About this exercise ▸
Please retype the data in full and exactly; the pictures are not part of the copy.

*** Opening Material provided ***

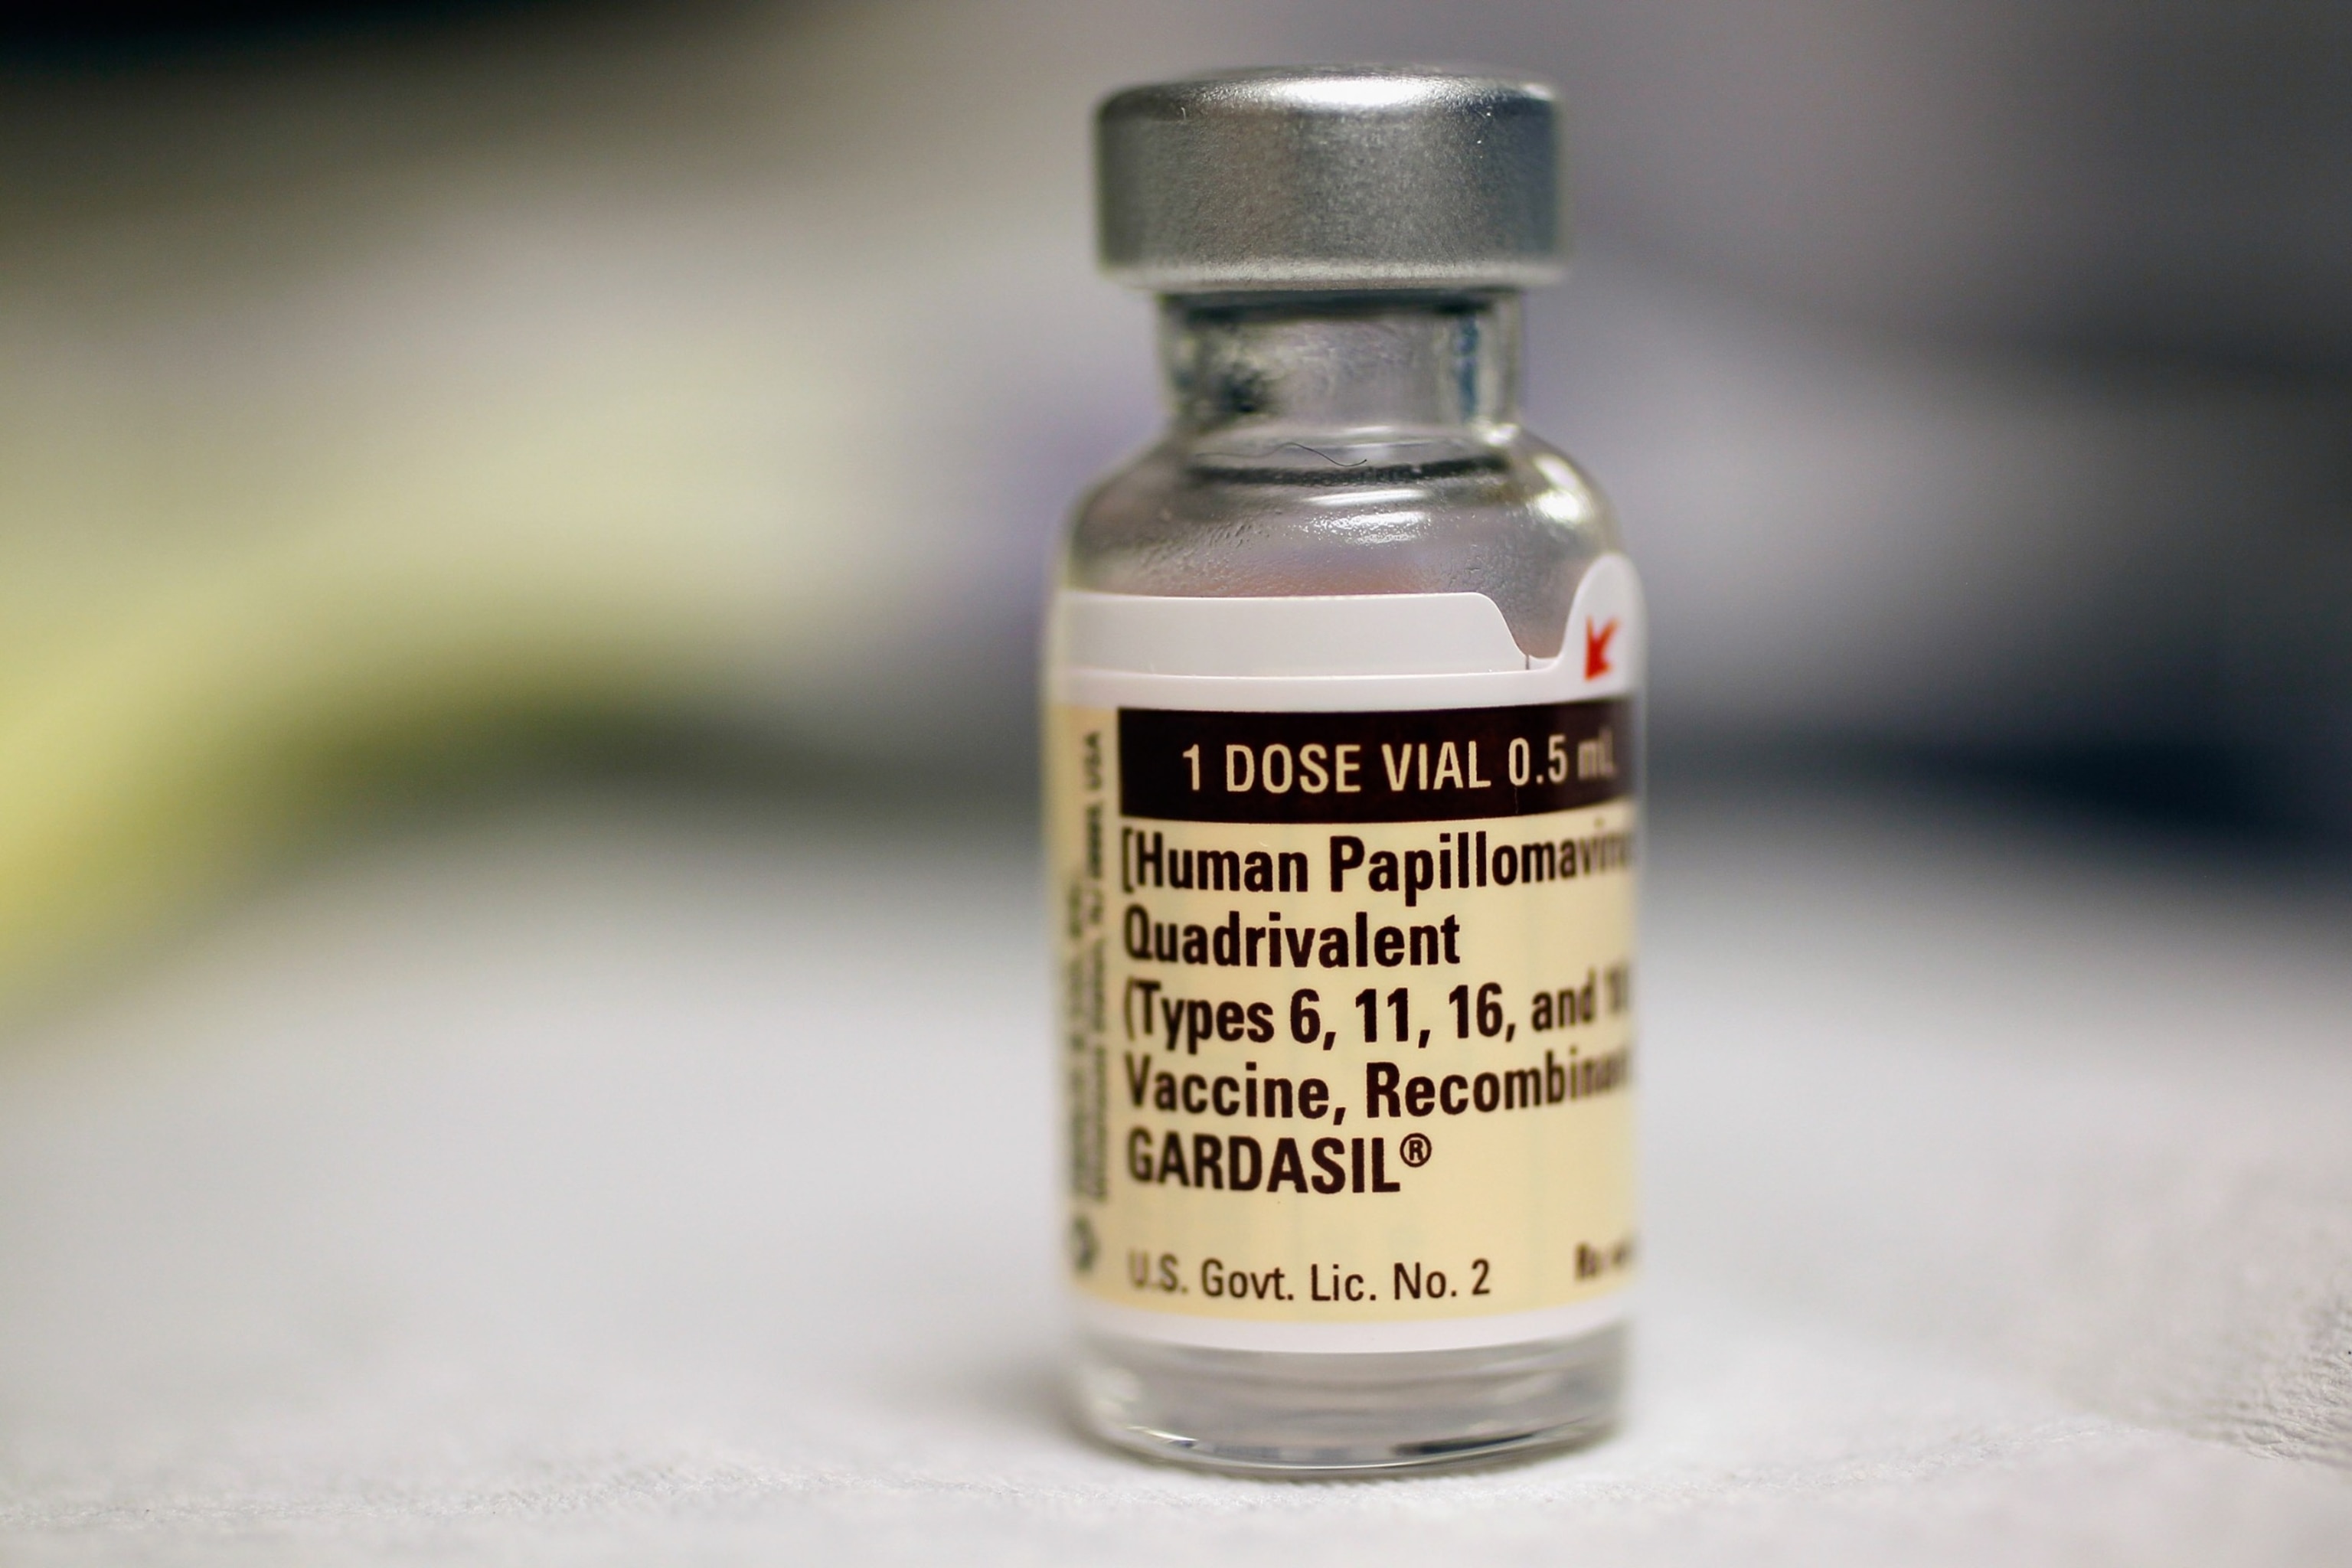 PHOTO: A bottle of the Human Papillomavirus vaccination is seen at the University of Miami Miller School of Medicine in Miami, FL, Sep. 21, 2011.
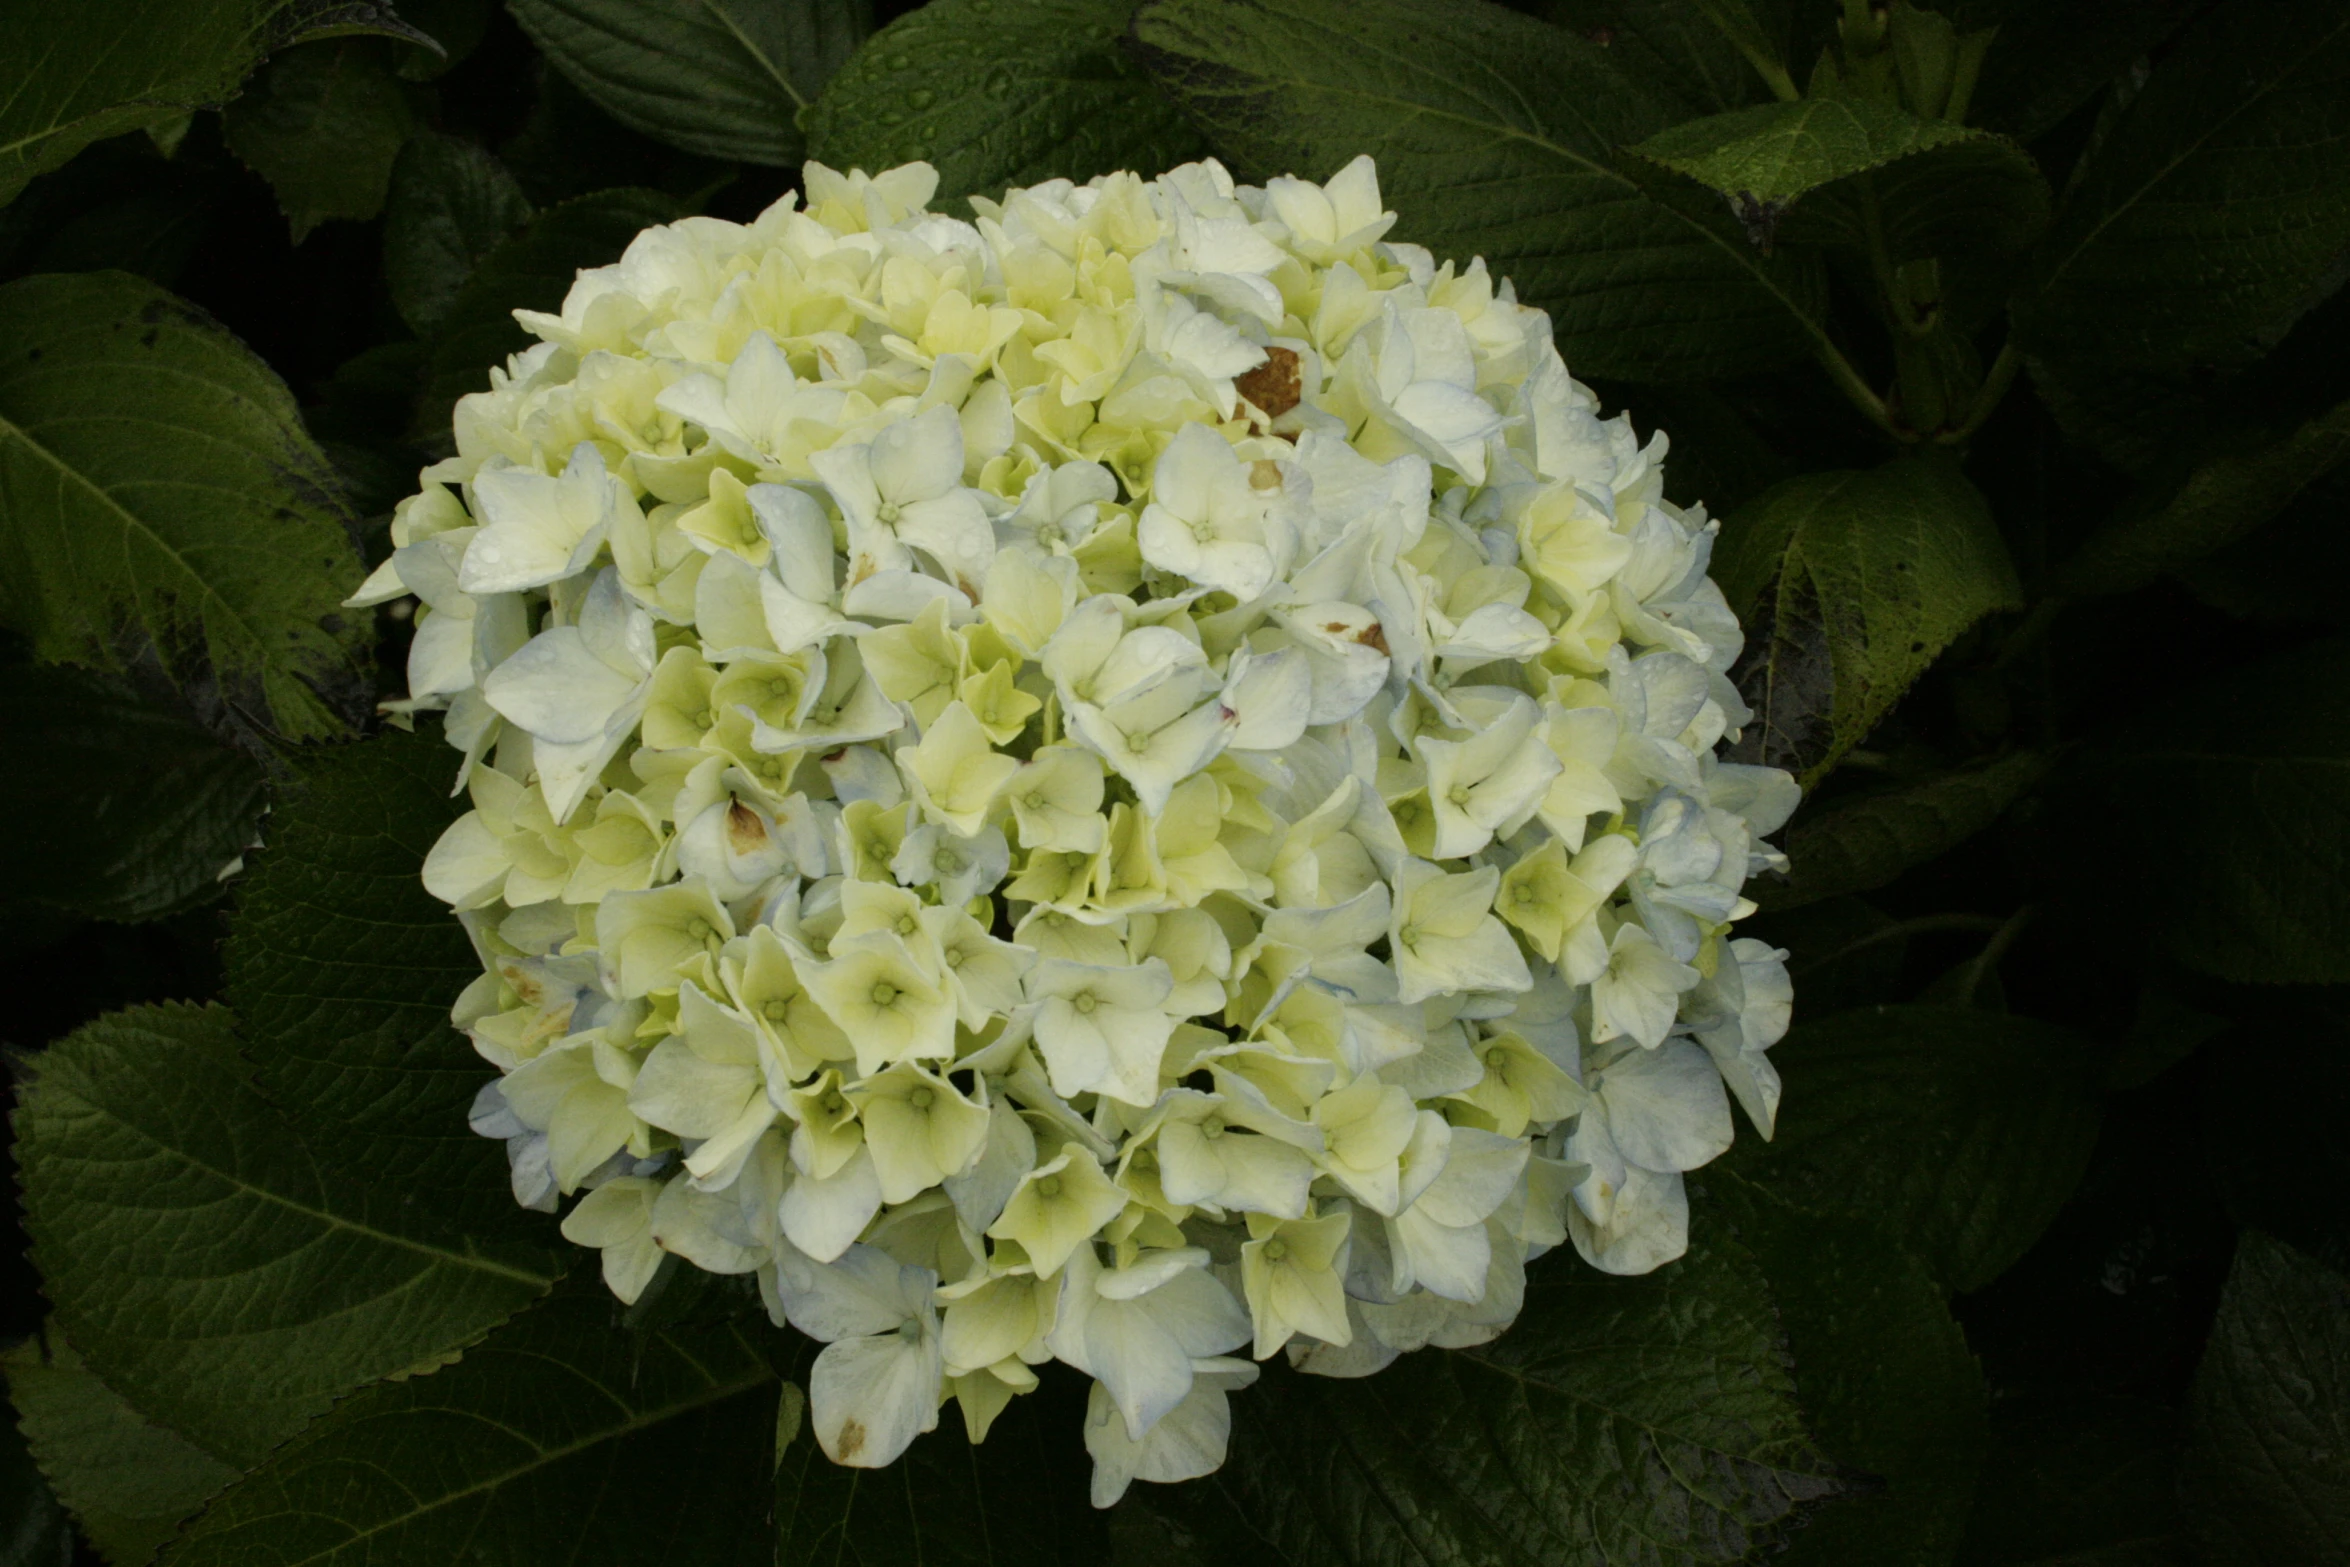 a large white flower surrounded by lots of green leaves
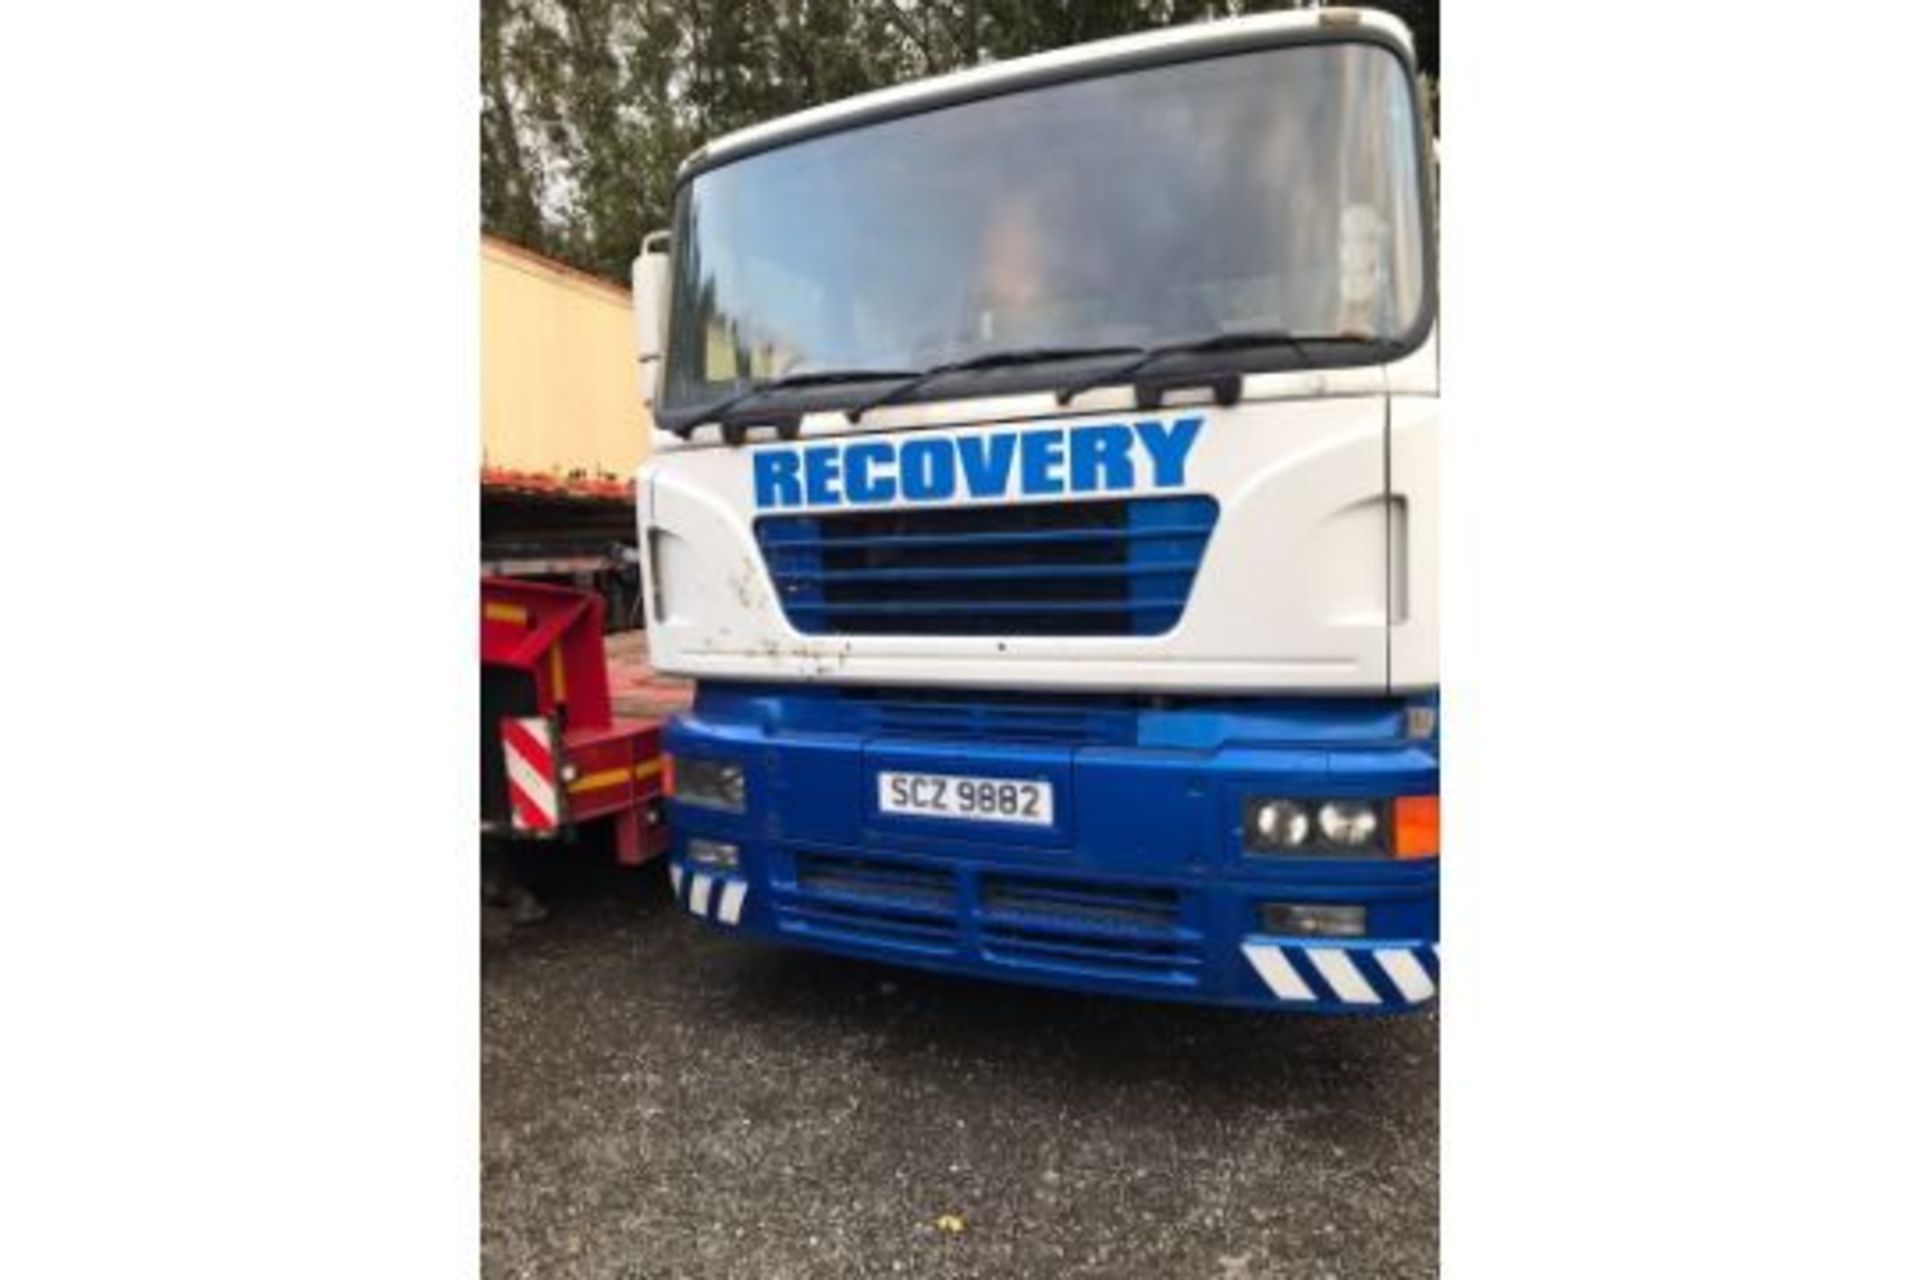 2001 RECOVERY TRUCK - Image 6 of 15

*** Closing Material provided ***

Reply to the exercise ▸
 PHOTO: A bottle of the Human Papillomavirus vaccination is seen at the University of Miami Miller School of Medicine in Miami, FL, Sep. 21, 2011.
 a large white flower surrounded by lots of green leaves
 2001 RECOVERY TRUCK - Image 6 of 15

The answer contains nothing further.